From M I learned how to be opinionated, to pave my own path. I learned to have the courage behind my convictions, to speak up, and to write my own major in college (something she did, and so did I.) M, also a writer — a print journalist, in fact — has always encouraged me with my writing but also demonstrated how to dedicate your life to work that you love, while being a dedicated mother, too.
My sisters are both incredibly generous and caring. My sisters are thoughtful and artistically gifted. My sisters often know just the right thing to say.
My sisters are, and always have been, beautiful. I wanted to be just like them, alternately, at different times in my life. They are so different, it’s impossible to want to be just like both of them at once.

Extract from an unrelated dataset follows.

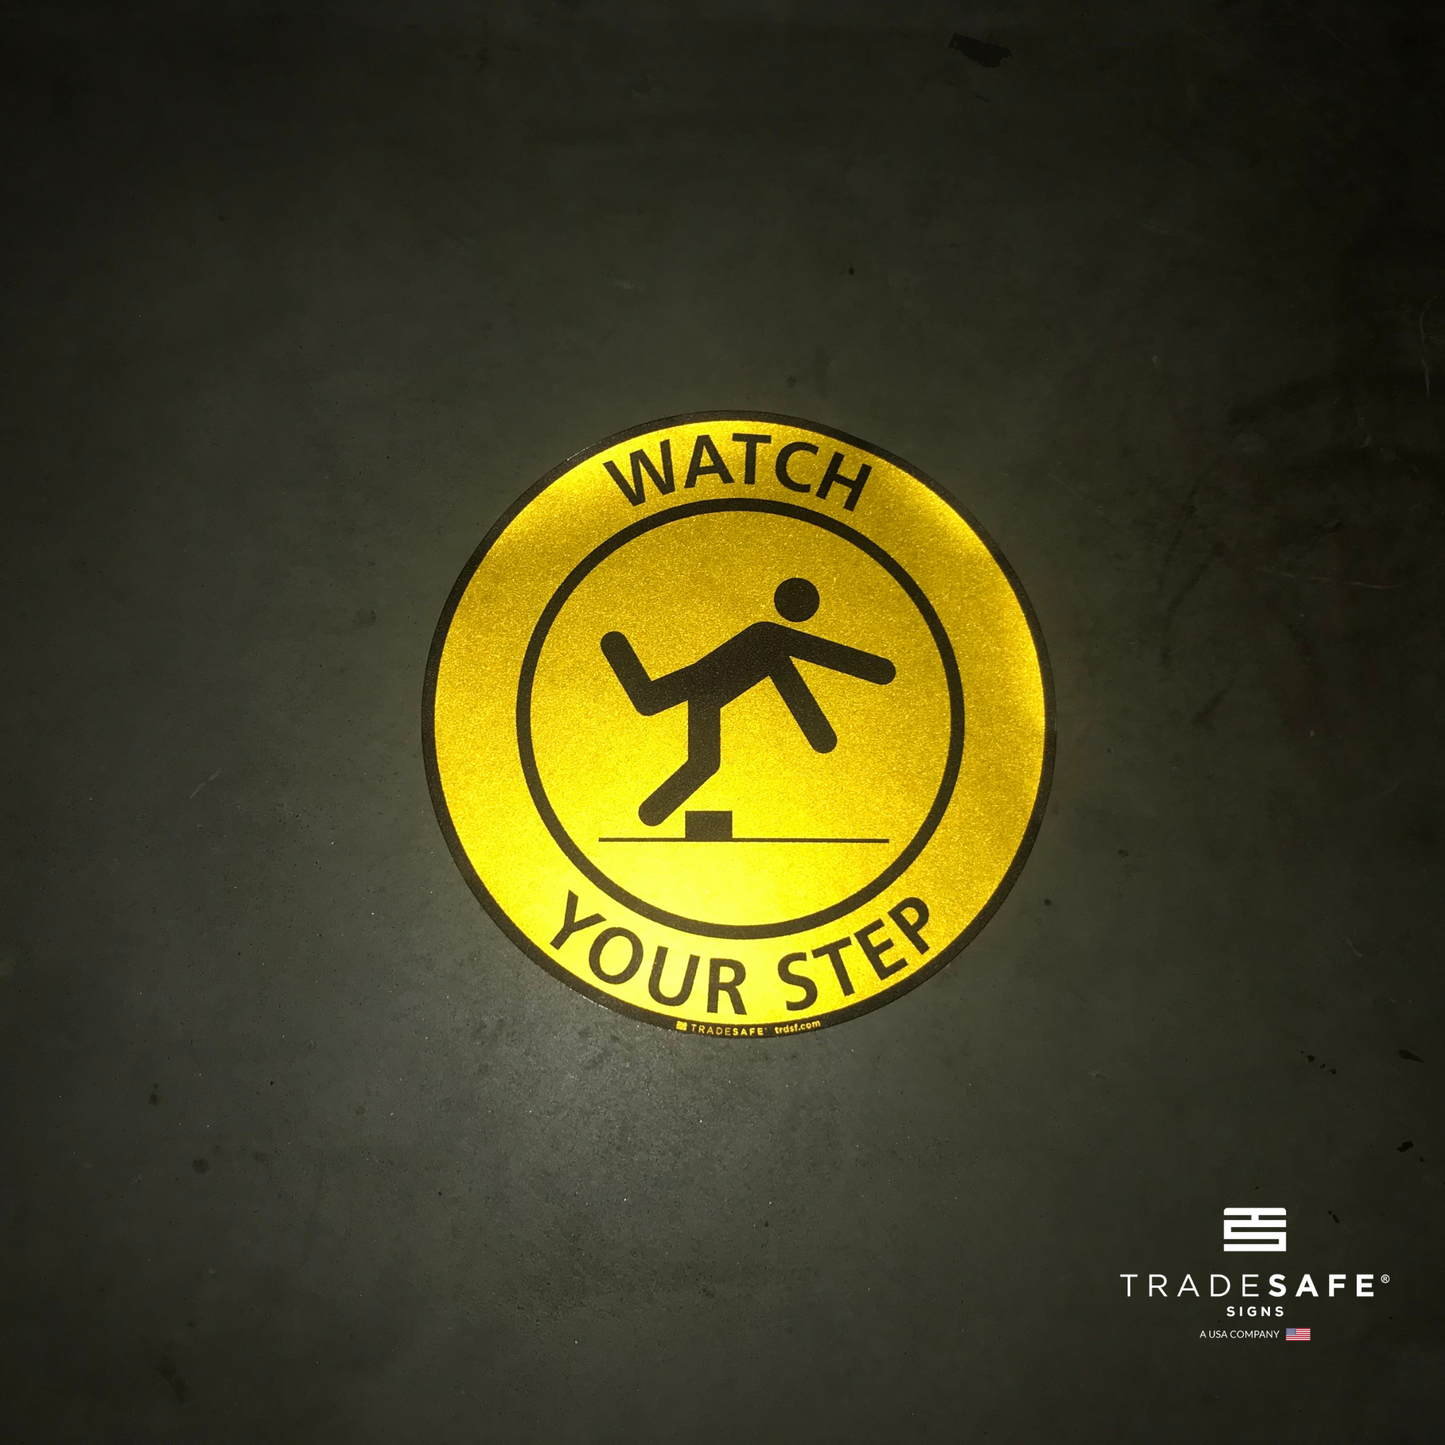 reflective attribute of adhesive vinyl "watch your step" sign on black background

They were the ones from whom I stole blush and lip gloss, whose Danielle Steele novels I read, whose wedge espadrilles I wore, at their chagrin, as soon as my feet were as big as theirs. I tried my sisters on like dresses, to see which one I would turn out to be.
I’m sure that many of the lessons I learned from my sisters, I also learned from my parents, or my sisters learned from my parents and passed down to me, the little sister. But that’s another post.
This one is about my sisters.

April 24th, 2008 at 12:03 pm
What a wonderful tribute to your sisters, Marijean! Having grown up an only, I can almost imagine what it might have been like to have big sisters like yours.
April 24th, 2008 at 8:20 pm
Very sweet. Perhaps K and I led the way, but you’ve gone far beyond us. If Hillary doesn’t succeed, I’m fairly certain you’ll be our first woman president.
But I didn’t read Danielle Steele novels! Must have been K.